老实说,贝特朗也想象不出来,什么情况能够引起如此级别的围观,怎么想怎么感觉像是玩笑。
难道是愚人节恶作剧推迟了?
然而。
真正抵达现场,贝特朗的脚步也不由稍稍放缓下来,看着眼前盛况,贝特朗反而觉得消息通报不准。
一千人?
何止!
至少有一千五百人以上,乃至于两千人也不意外。
贝特朗直接傻眼:这,怎么办?
仅仅依靠他一个人,根本就不可能控制住情况,稍稍不注意,可能还会导致一场没有必要的事故灾难。
第一时间,贝特朗就请求支援,快速报告现场情况。
最后得到的回应是,他们会调度后续支援前往的;现在则要求贝特朗暂时控制局面,避免出现状况。
呼。
长长吐出一口气,贝特朗看向眼前密密麻麻的人群——
控制局面?他应该如何控制?他就只有一个人而已!
就在困惑之间,前方传来震耳欲聋、激情澎湃的现场演出,贝特朗不由投去视线,居然也跟着轻声哼唱起来。
事情,好像有一点点意思。
然后……事情,就这样了——
表演,继续。
等到交警支援全部抵达现场的时候,这已经是一个小时以后的事情了,一波接着一波,一次又一次请求支援,好不容易才凑够足够人手分别守住三个不同方向的路口。
贝特朗早就已经习惯巴黎的办事效率,他也不准备吐槽什么;他只是建议,反正街头演出接近结束,与其贸贸然破坏秩序激起众怒,导致潜在的混乱,不如耐心等待,他们可以提前做好准备,如同音乐节维持交通秩序一般,在表演结束后疏导人群。
意见,得到了采纳。
于是,卢森堡公园附近就出现难得一见的一幕——
交警们负责现场组织疏导秩序,完全就是音乐节现场,陆陆续续闻讯而来的吃瓜群众和音乐爱好者还在源源不断,渐渐把周围三个街区全部塞满。
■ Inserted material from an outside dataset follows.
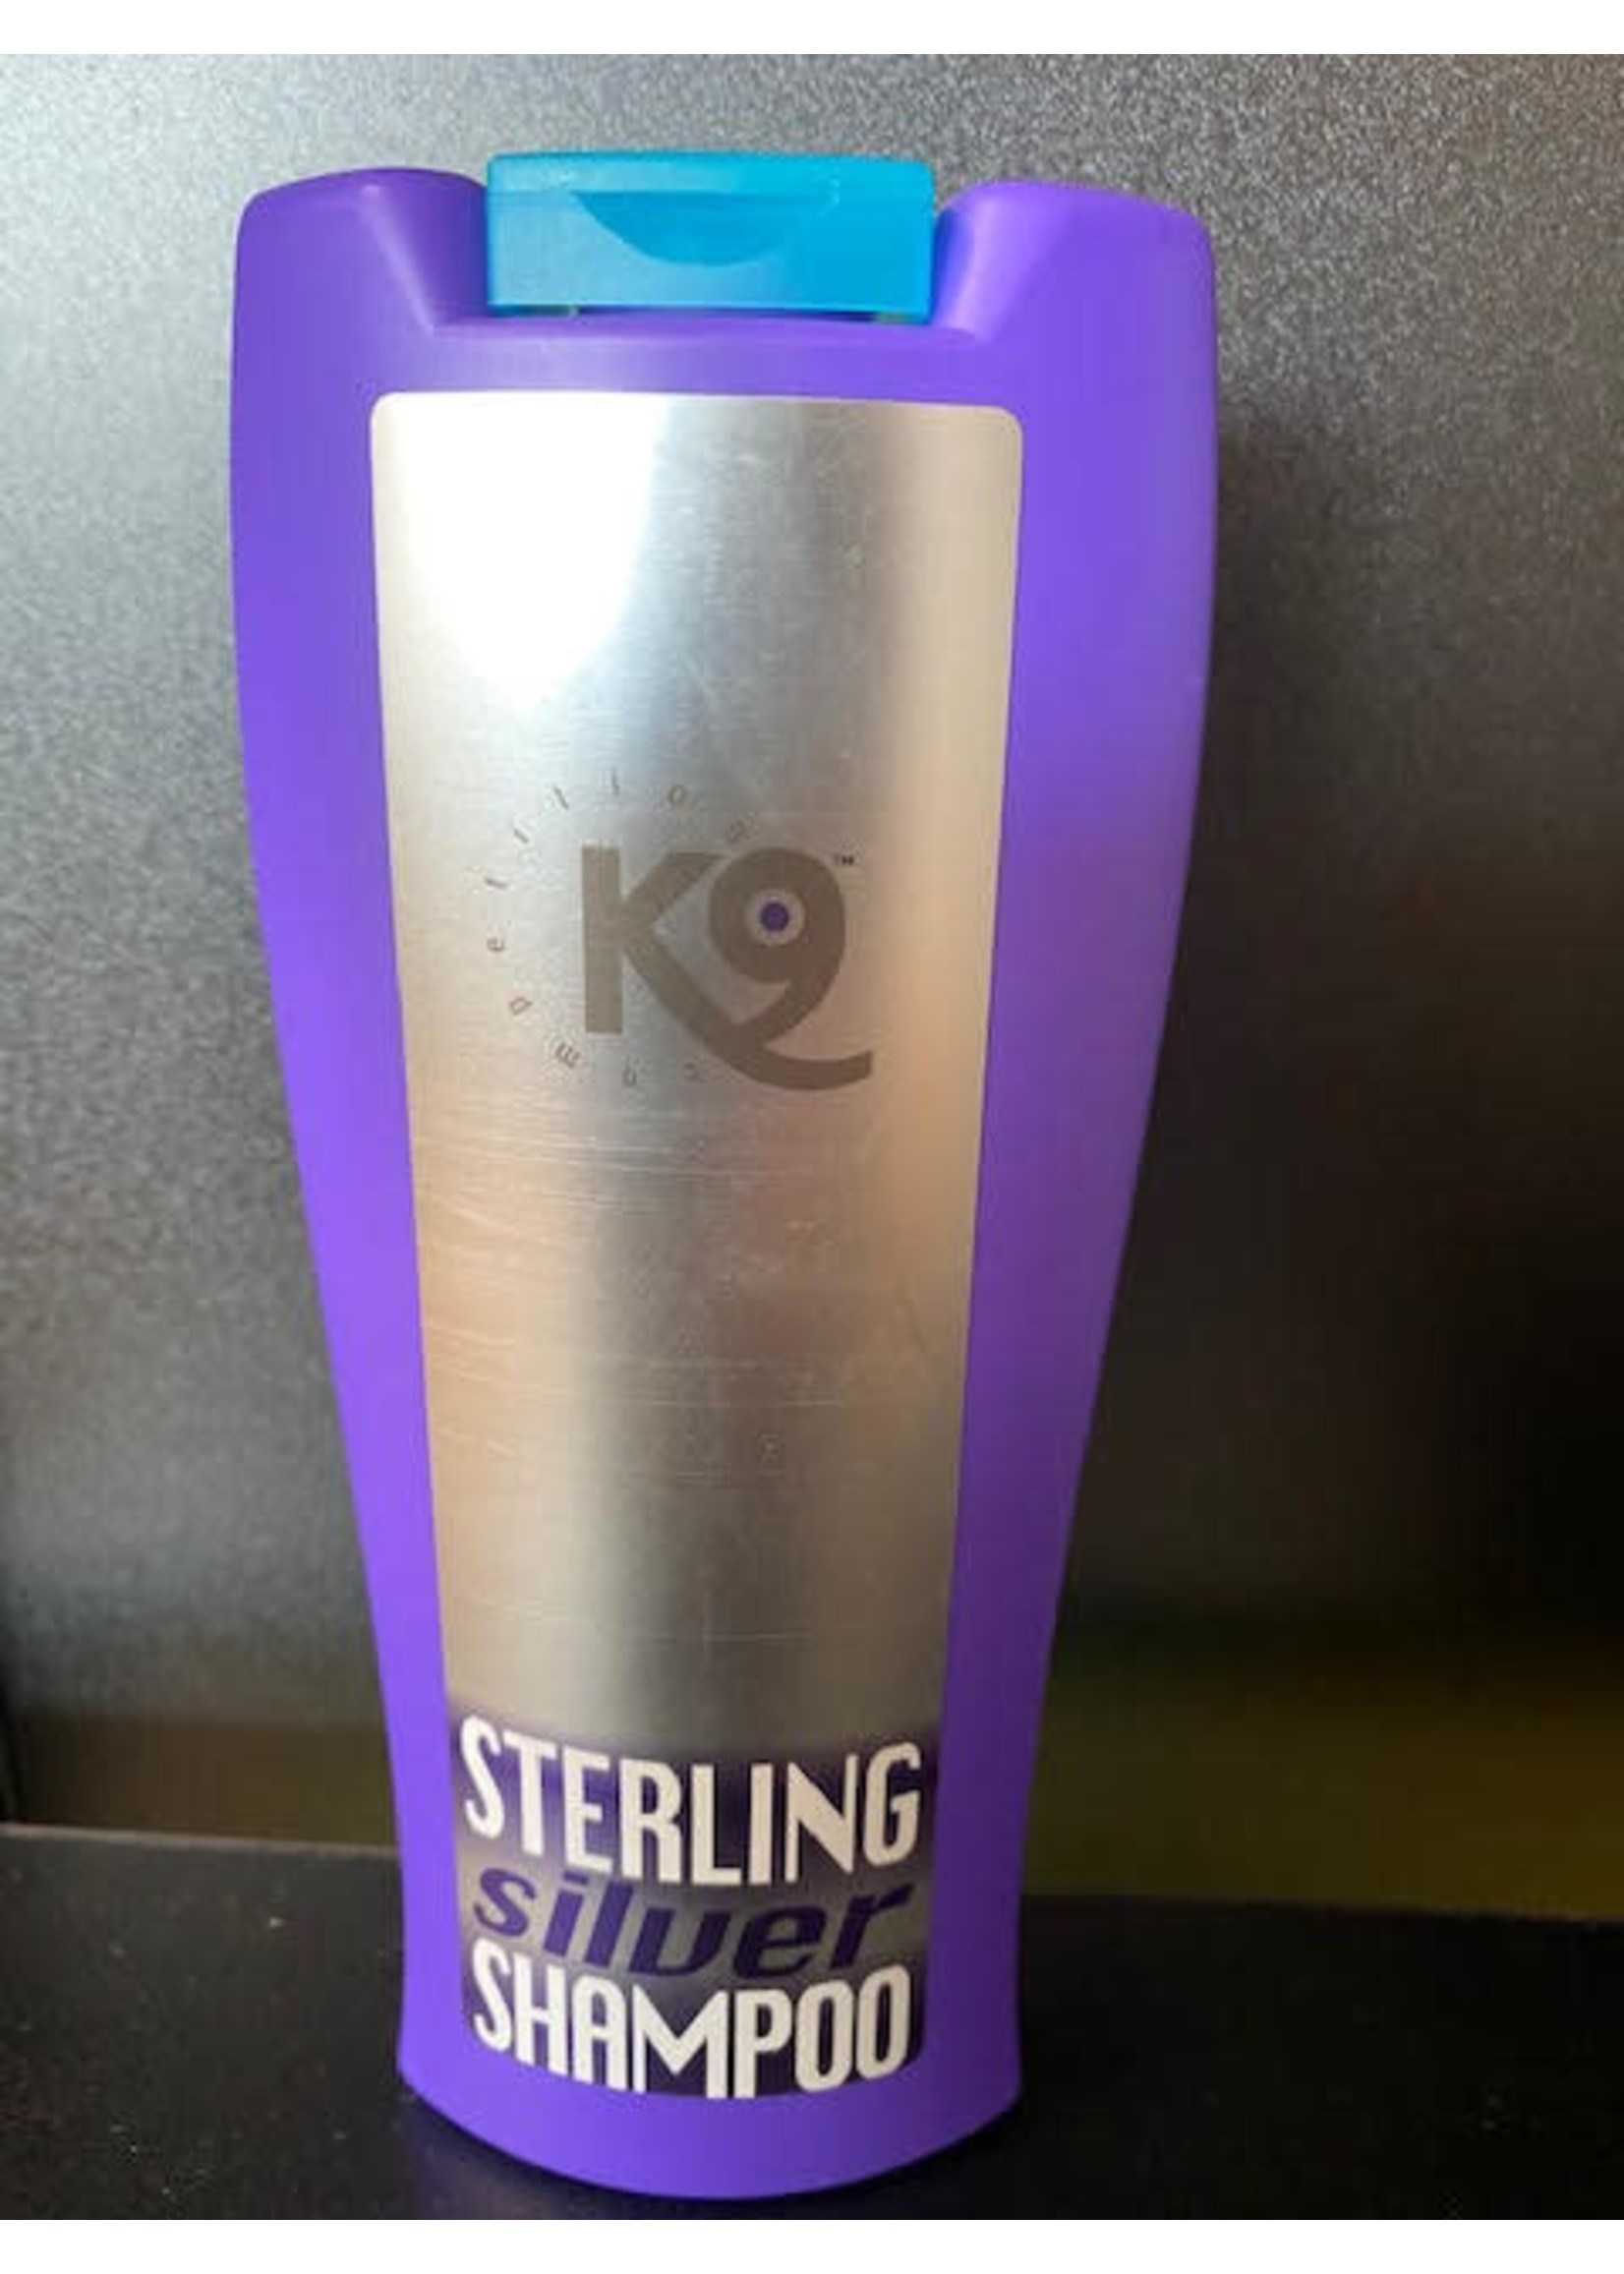 K9 K9 Sterling Silver Shampoo

而且,后续赶来的观众们,抵达现场的时候看见维护秩序的交警,一个两个还以为这是官方组织的活动。
一传十,十传百。
越来越多人蜂拥而至。
等待巴黎市长听闻这件事的时候,电视台和媒体记者全部早早抵达现场,现场最后如此难能可贵的一幕。
事情,好像正在渐渐脱离轨道。
特别是当直升飞机抵达卢森堡公园上空直播的时候,现场观众全部高高举起双臂朝着直升机欢呼。
这一幕,安森他们也是一头雾水——
事情,怎么就发展到这一步了呢?
并且,在巴黎警方抵达现场的时候达到一个高峰。
不止交通警察而已,而是真正负责维持秩序的警察们。
他们穿越卢森堡公园,出现在乐队成员的背后,前方已经有一群媒体记者抢先一步,在他们意识到乐队成员里包括安森的时候,种种猜测汹涌而上,一个两个准备直接杀上前,但被警察阻止了。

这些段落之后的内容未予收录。